Слова в сочиненных им песнях можно было назвать курсом молодого мертвеца. Музыка стала жесткой. Картины еще темнее и непонятнее. Он перестал доверять родителям, друзья стали казаться врагами, незнакомым девушкам на попытки знакомства отвечал грубостью. Он отбросил людей от себя на довольно далекое расстояние и в итоге, когда ничего и никого уже не осталось, он возненавидел и себя самого.
Излишнее спокойствие Севиюса, легко порою обращалось в излишнюю вспыльчивость. Казалось бы, не уделяемое им внимание ко всему тому, что происходило вокруг него и чаще всего касавшееся его, являлось неотъемлемым фактом, фактом, не поддающимся изменениям. С уверенностью могу сказать, что это совершенно не так.
Реакция на все не нравившееся ему была всегда почти мгновенной, но прекрасно скрытой им в глубоких недрах его души. Но именно любовь, рожденная в его сердце, порок названный именем любимой девушки разоблачал всю его поэтическую силу. Это человек, видевший во всем и во всех – объекты, созданные только для того, чтобы воевать с ними, всегда быть против них. Окружающий мир стал его заклятым врагом. И покинуть его стало привычной для него мыслью, оставалось только дождаться момента, когда чаша его бесконечного терпения наполнится до краев. В итоге, придуманная им война постепенно теряла смысл и заставляла его переживать неприятные обстоятельства. Учителя принимали меры, которые для Севиюса никакой роли уже не играли. Завуч, которая вела уроки педагогики, однажды после урока попросила Севиюса остаться, побеседовать:
– Я догадываюсь, что с тобой происходит. Только давай на чистоту, я тебе обещаю, что весь разговор останется только между нами. Я хочу, чтобы ты мне доверился.
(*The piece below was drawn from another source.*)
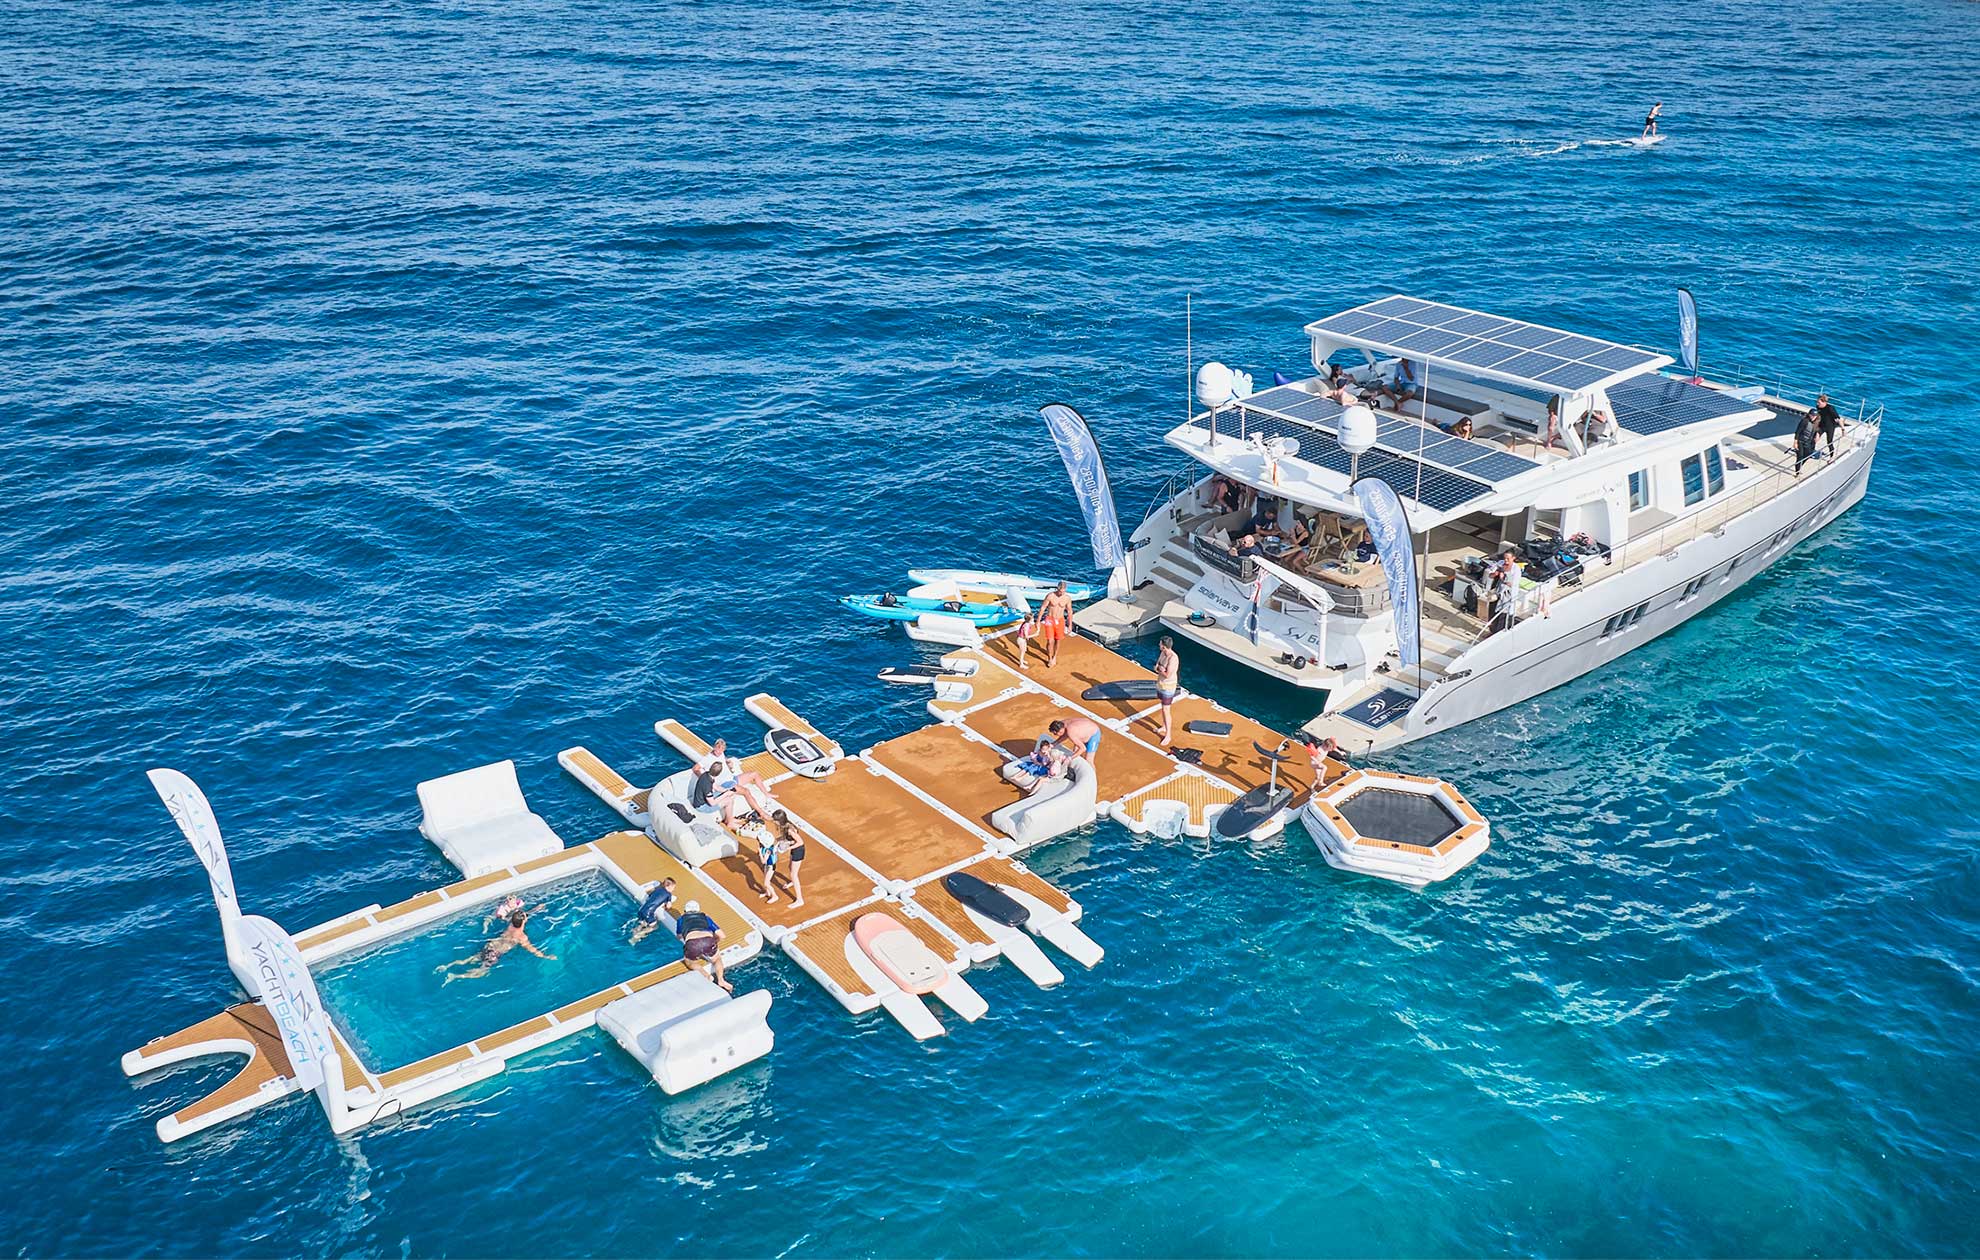 80 foot solar catamaran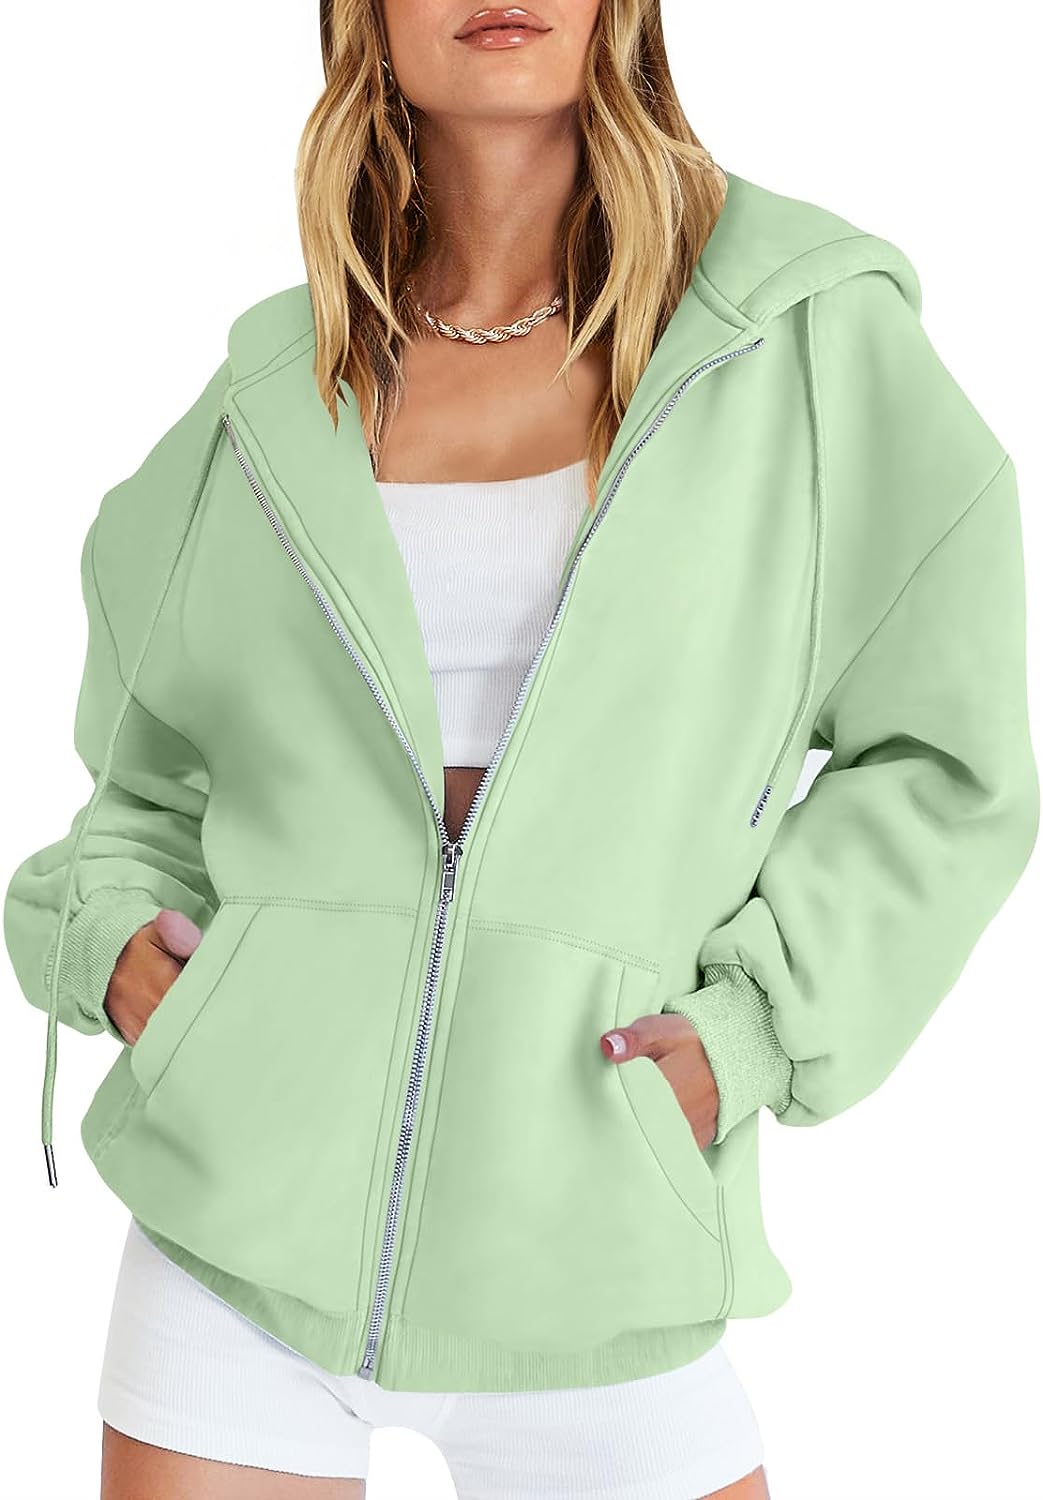 Caracilia Women's Zip Up Hoodies Teen Girls Oversized Sweatshirt

– Скажи мне честно, на чем ты сидишь?
– На стуле, – ответил Севиюс.
– Ладно, перестань, я все знаю! Лучше скажи правду, я помогу тебе, поверь, у меня есть хороший знакомый, он врач нарколог. Я поговорю с ним, он поможет…
В итоге она рассказала о себе и своих друзьях, знакомых, о своей жизни, но о нем так и ничего не узнала. Севиюс вышел из класса лишь тогда, когда почувствовал усталость. Завуч останавливать его не стала, видимо поняла, что переборщила, а вдруг он вовсе не наркоман.
В тот вечер, приятный, но холодный, он шел и курил, еле заметно улыбаясь и в конце концов, как обычно это с ним бывало, он забылся. Как будто бы случайно купил две бутылки пива и забрел на территорию больницы, больше похожей на большой парк без развлечений. Севиюс уселся на скамейку прямо напротив реанимационного отделения. Казалось странным, но сейчас он готов был позавидовать людям, дышащим в трубку.